*PROBLEM DETAILS*.
Would you print, word for word, only the lines running from the line with "Eugène BAZIN (1799-1866). 欧仁-巴赞（1799-1866）。" to the last line of the entries, without the pictures?

*DATA FOR THE TASK*.
Segment Open
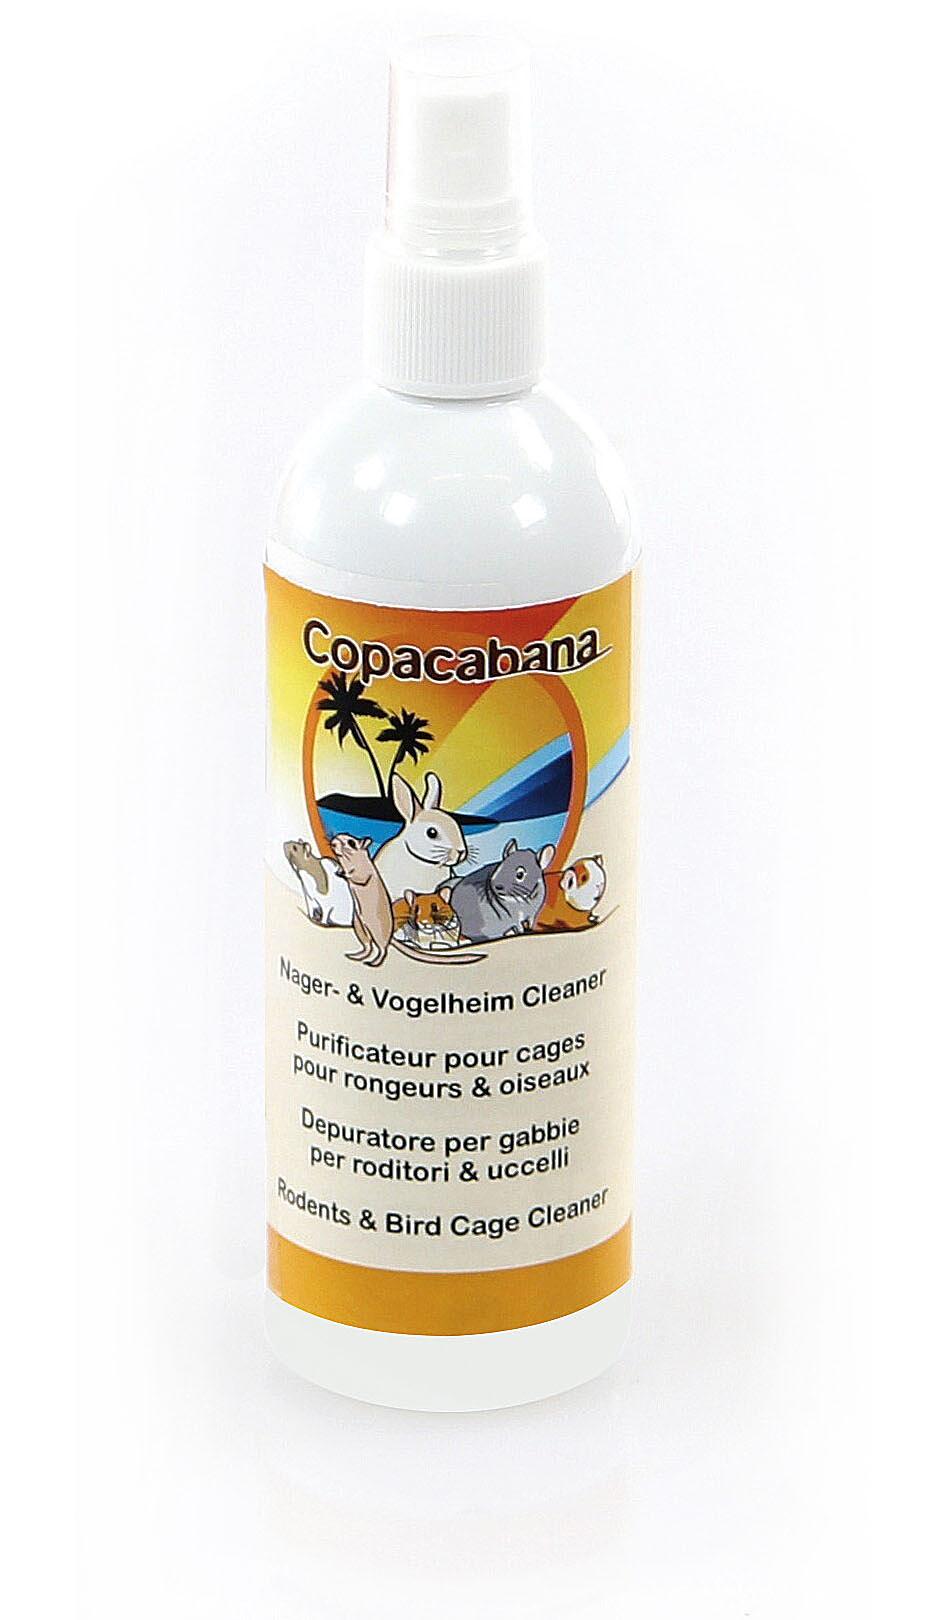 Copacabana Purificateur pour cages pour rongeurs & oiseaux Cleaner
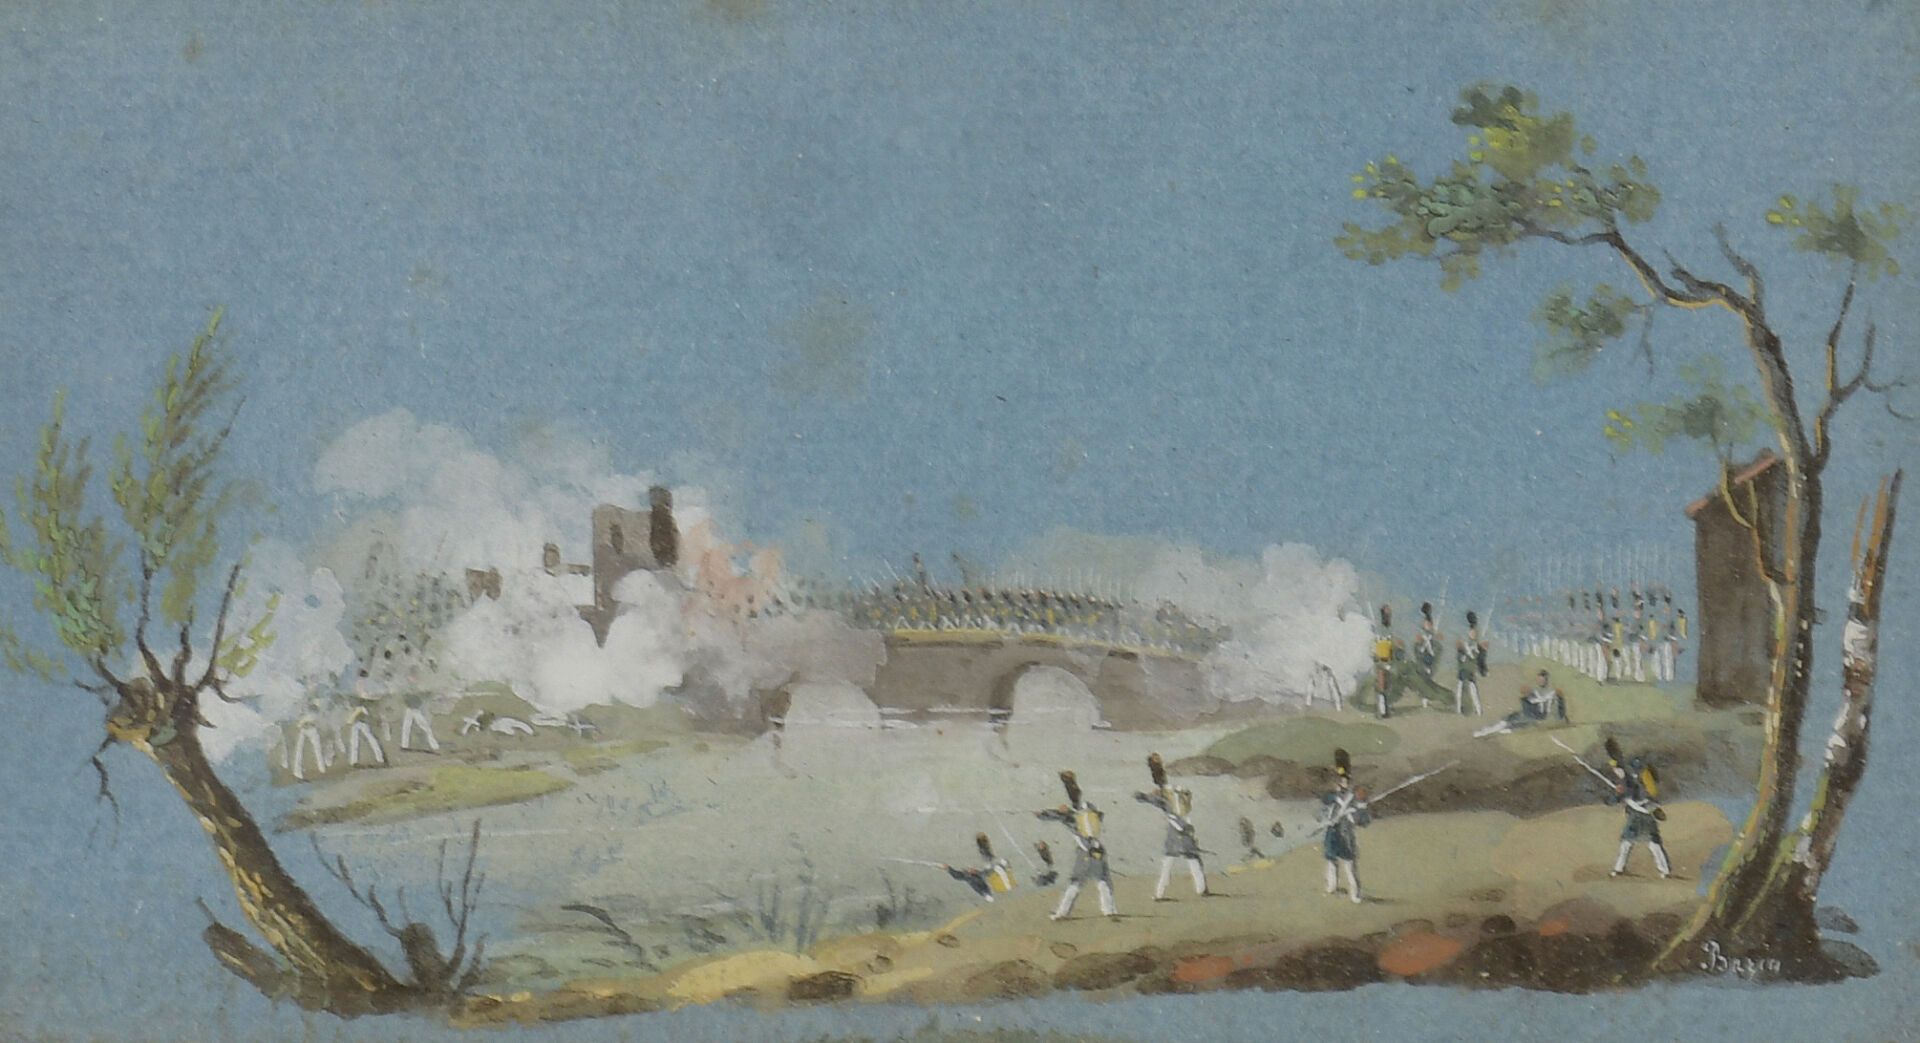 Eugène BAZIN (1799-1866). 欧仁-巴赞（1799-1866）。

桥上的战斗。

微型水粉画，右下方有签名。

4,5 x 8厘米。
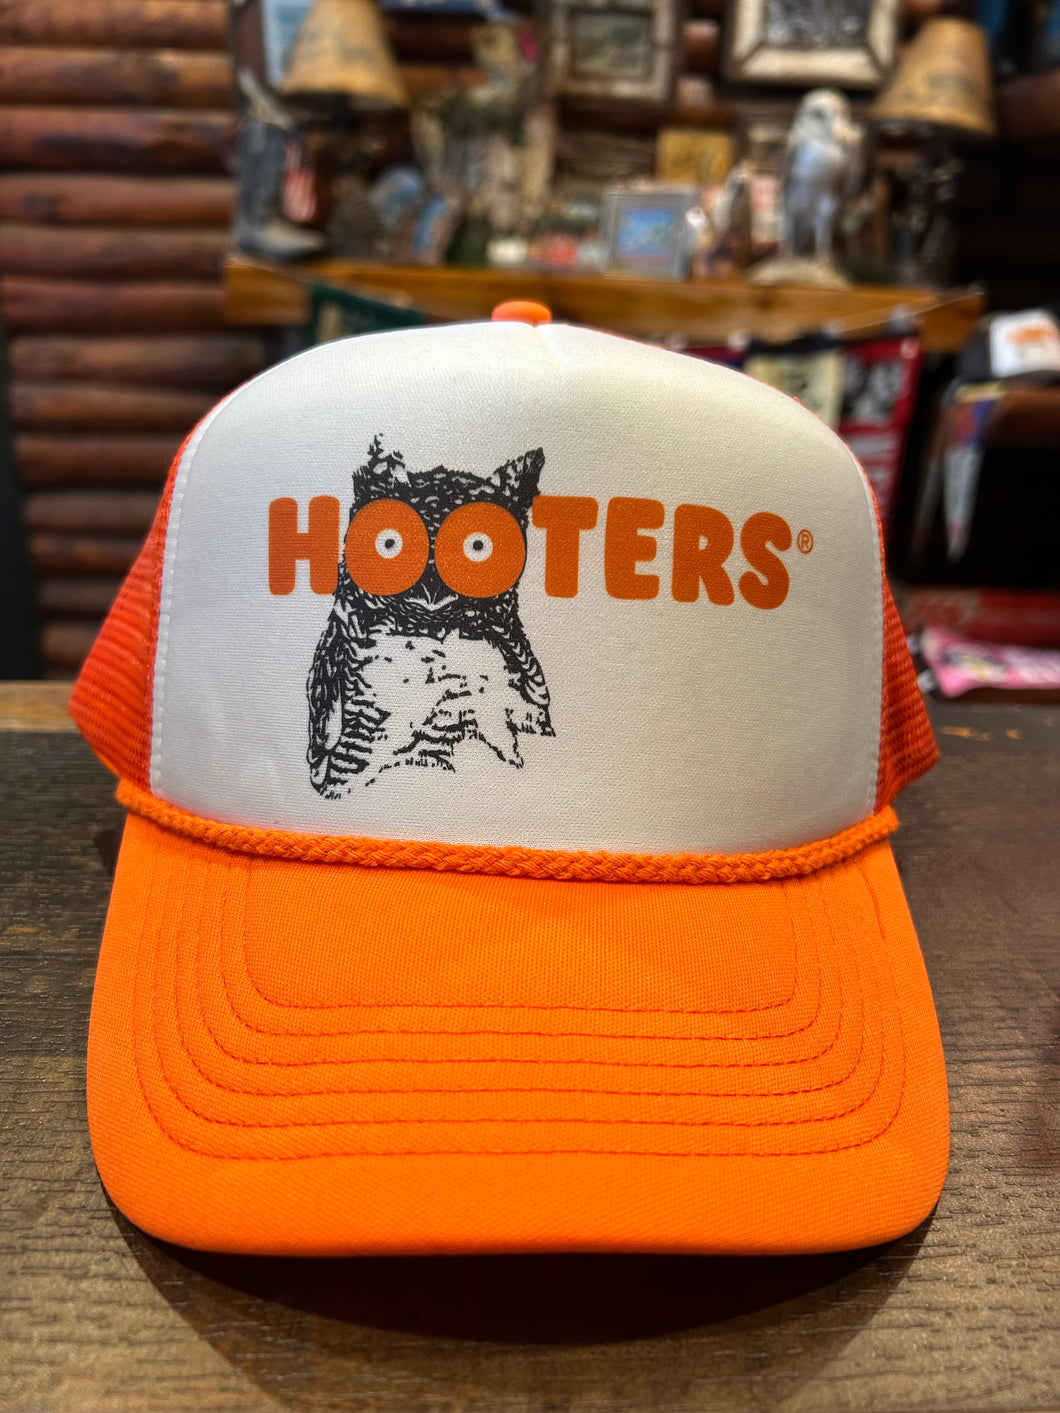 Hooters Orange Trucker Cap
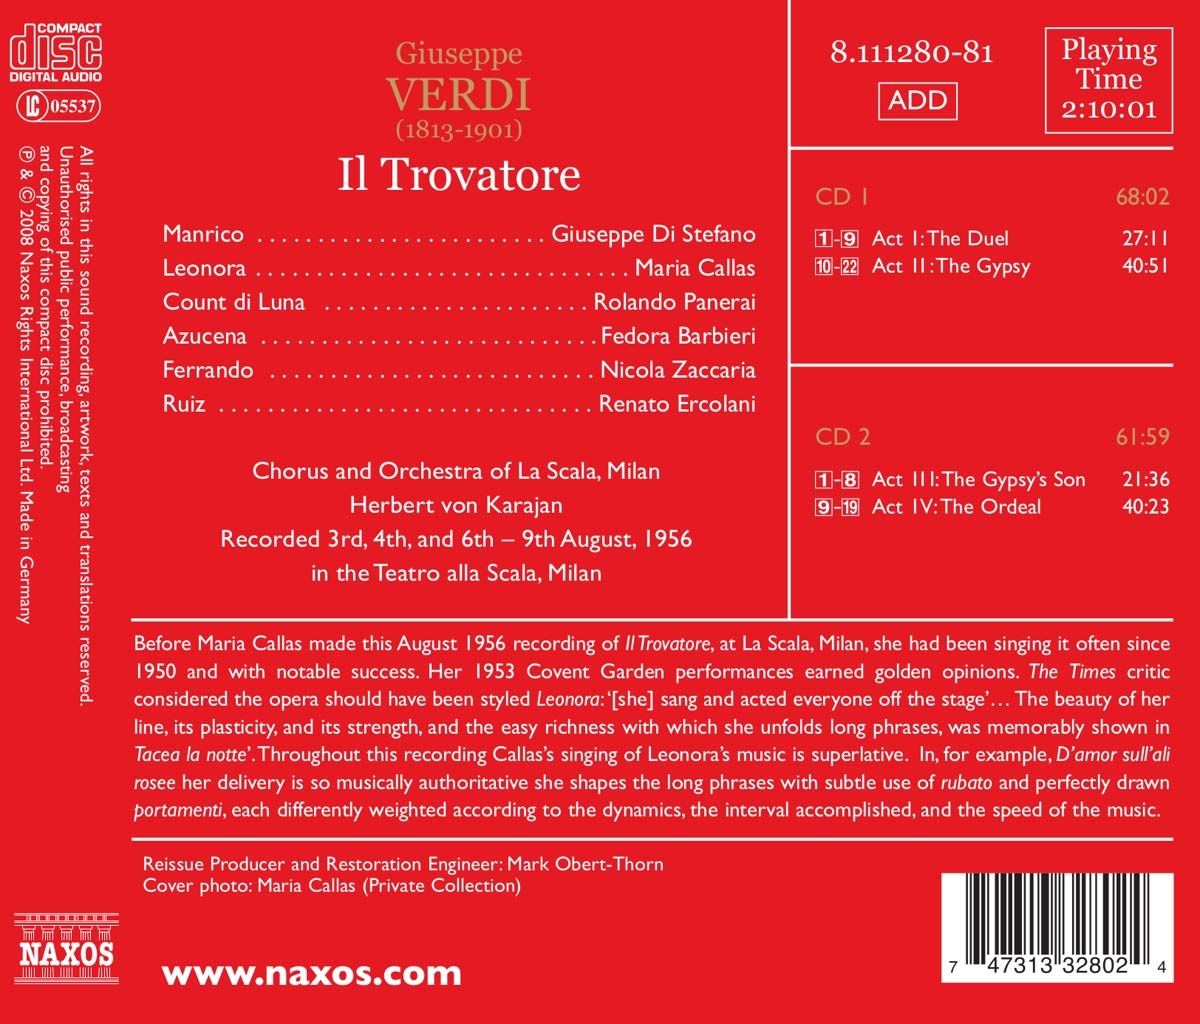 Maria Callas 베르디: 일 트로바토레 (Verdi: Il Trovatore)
Segment Closed
*RESPONSE*.
 Eugène BAZIN (1799-1866). 欧仁-巴赞（1799-1866）。

桥上的战斗。

微型水粉画，右下方有签名。

4,5 x 8厘米。
 Hooters Orange Trucker Cap
 Maria Callas 베르디: 일 트로바토레 (Verdi: Il Trovatore)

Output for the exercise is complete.